A. Petitioner's Argument Based on Alleyne
In Alleyne, the Supreme Court held that “any fact that increases the mandatory minimum [sentence] is an ‘element’ that must be submitted to the jury” and proved beyond a reasonable doubt. 133 S.Ct. at 2155. Petitioner argues that the rule set forth in Alleyne was violated in this case because the Court relied upon 21 U.S.C. § 861, which relates to the employment or use of persons under 18 years of age in drug operations, in imposing its sentence upon Petitioner. As the Second Circuit explained on direct appeal:
That section makes it a crime, among other things, to “use” a “person under eighteen years of age to violate any provision of” Title 21 of the United States Code. 21 U.S.C. § 861(a)(1). Donald Benjamin was punished under subsection (b) of section 861, which permits a sentence of “twice the maximum punishment otherwise authorized,” id. § 861(b).

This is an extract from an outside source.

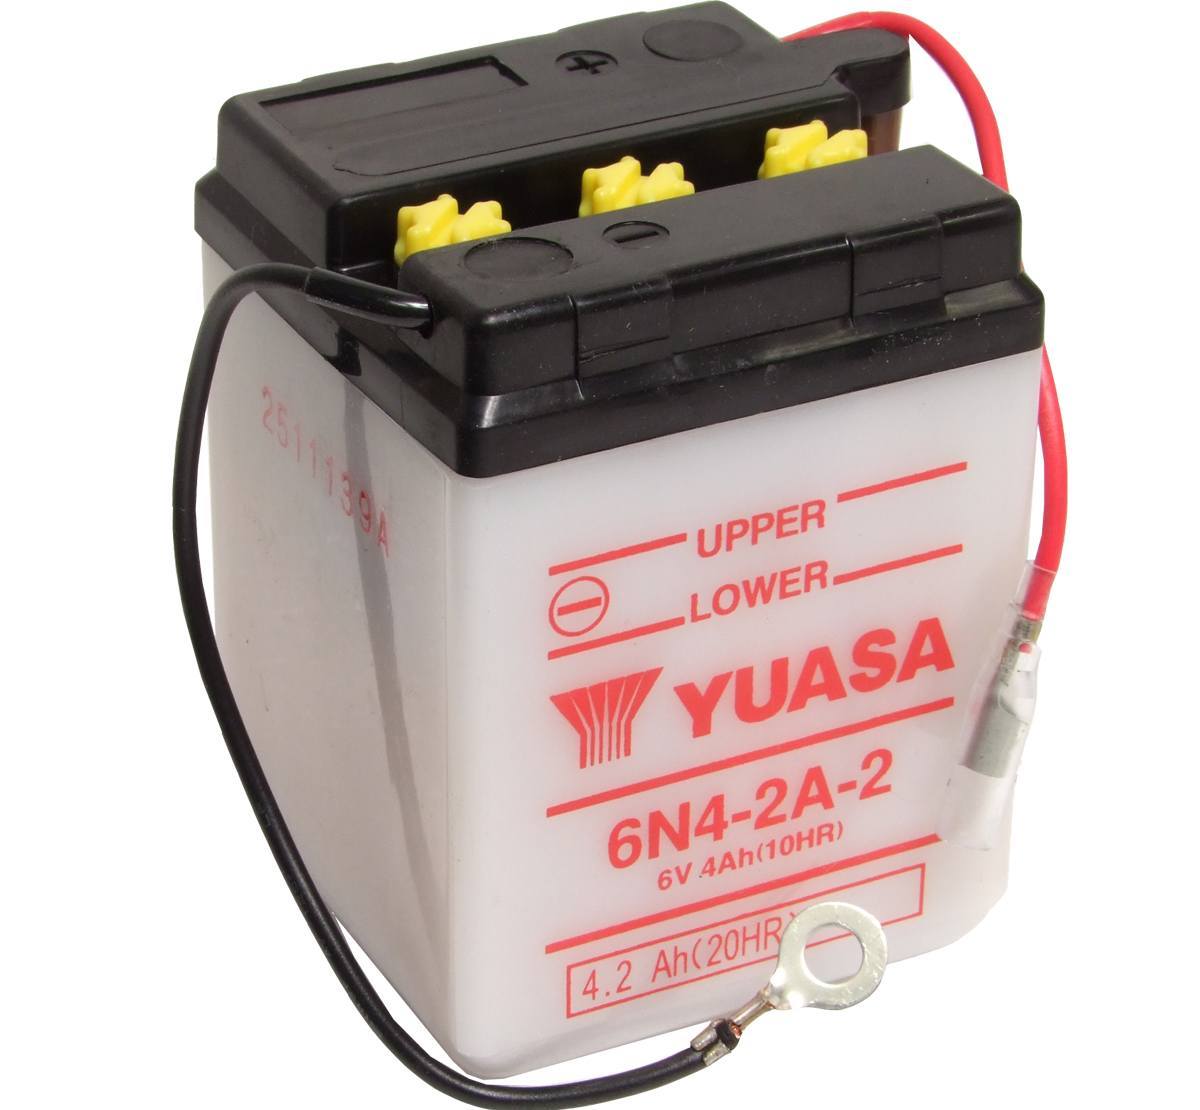 6N4-2A-2 Yuasa Motorcycle Battery
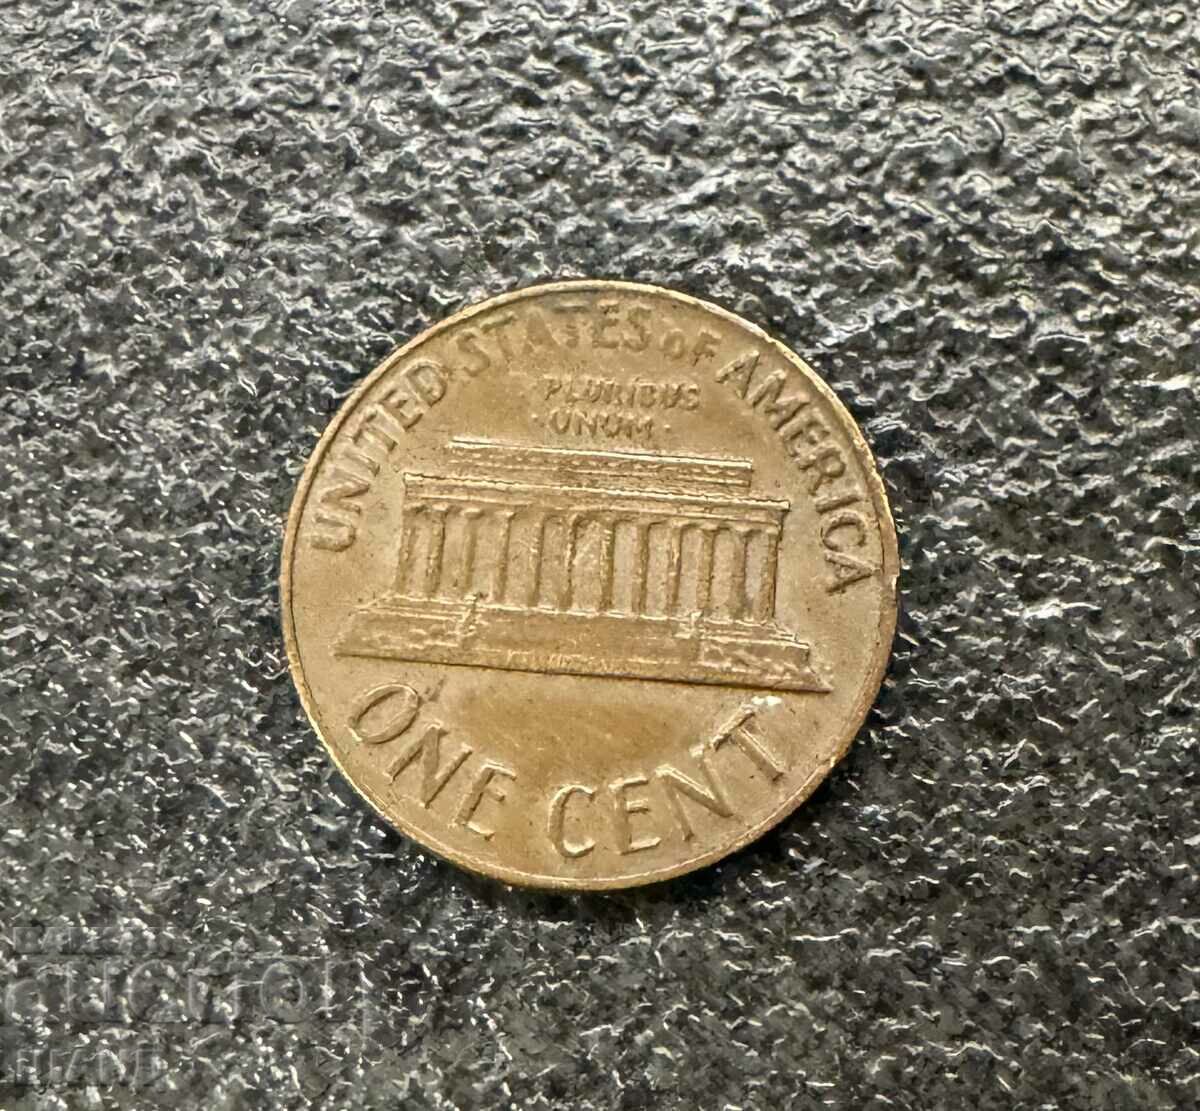 1971 USA 1 cent coin

Benjamin, 391 Fed.Appx. at 946. Petitioner argues that the Court's application of § 861(b) was impermissible under Alleyne because “the jury at [Petitioner's] trial was never asked to determine what underlying offense the minor was allegedly involved in.” (Dkt. 905 at 8). Plaintiff further argues that the Court: (1) sentenced Petitioner based on findings by the jury of elements not concluded beyond a reasonable doubt; (2) declared Petitioner a prior felon for purposes of sentencing without submitting this element to the jury for determination beyond a reasonable doubt; and (3) improperly increased Petitioner's sentence based on enhancement factors never submitted to the jury, all in violation of the rule set forth in Alleyne. (Id. at 9–12).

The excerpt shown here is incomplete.